If a language offers a construct for achieving a certain goal, and you opt to
bypass that construct to create a parallel construct, then you are necessarily
creating additional cost. But, it's actually worse than that because it goes
beyond creation of parallel constructs: it also includes working to actively
suppress the built-in language constructs.

And now we are creating immutability tools and new annotations, and running
Mutability Detection, etc. as if mutability itself is a defect and stamping it
out automatically improves code quality.

> _Have you got a specific business problem that you 've solved with and
> without mutability_

Yes. Every bit of code I've written before the age of Mutability-is-Pure-Evil.
That code worked well without the additional code bloat, object copying, and
performance penalties associated with defeating natural language constructs.
No annotations. No builders everywhere. Just pure, clean, intuitive code
whereby other developers were required to actually understand the design
before using it.

You need to set a property? Then, set it. Don't construct a completely new
object with a builder, just to update the zip code. In a multithreaded
environment? Sorry, you need to understand concurrency issues. No amount of
dumbing down objects is going to make up for your lack of understanding there.

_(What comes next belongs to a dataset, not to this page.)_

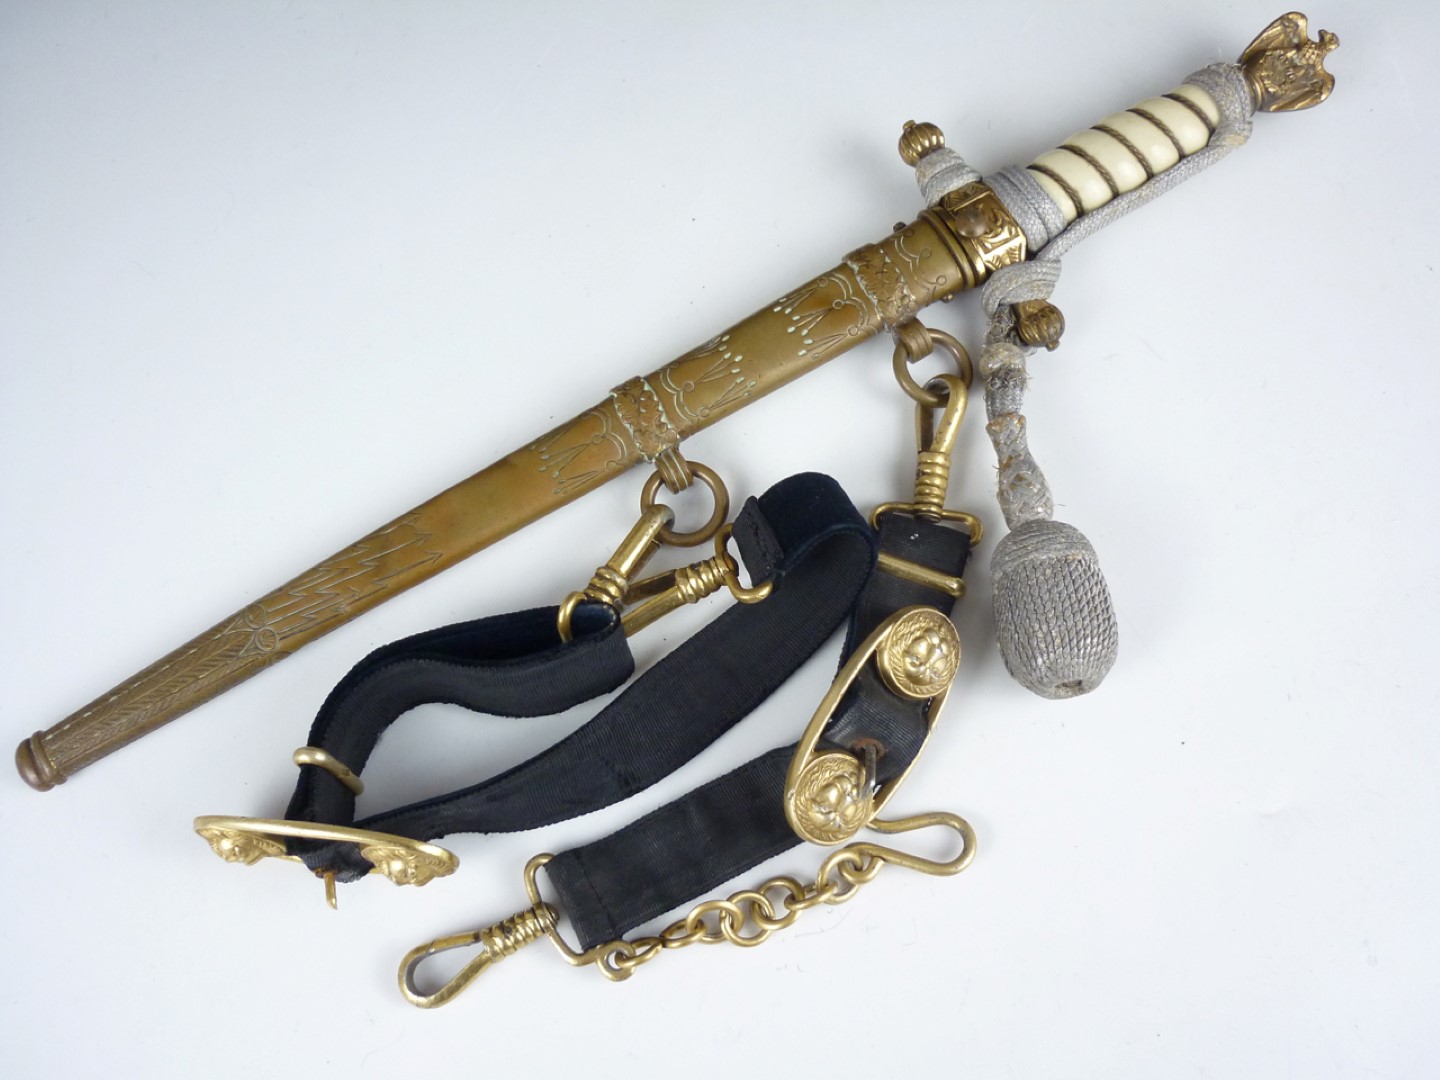 A Second World War German Kriegsmarine officer's dagger by Eikhorn, with portepee and hanging

Otherwise, let's stop calling immutability OOP. What people really want is to
pass around a struct and have procedural code wrapped in other objects perform
operations on it.

And, sorry. Moderation is key. Your use of "internal mutability" is actually a
nod to moderation. When people find themselves repeating that something is
always evil, it should trip a mental alarm. Sure, there are cases wherein
immutability might be a reasonable way to solve a problem, but definitively
stating that it is always the right approach is shark-jumping.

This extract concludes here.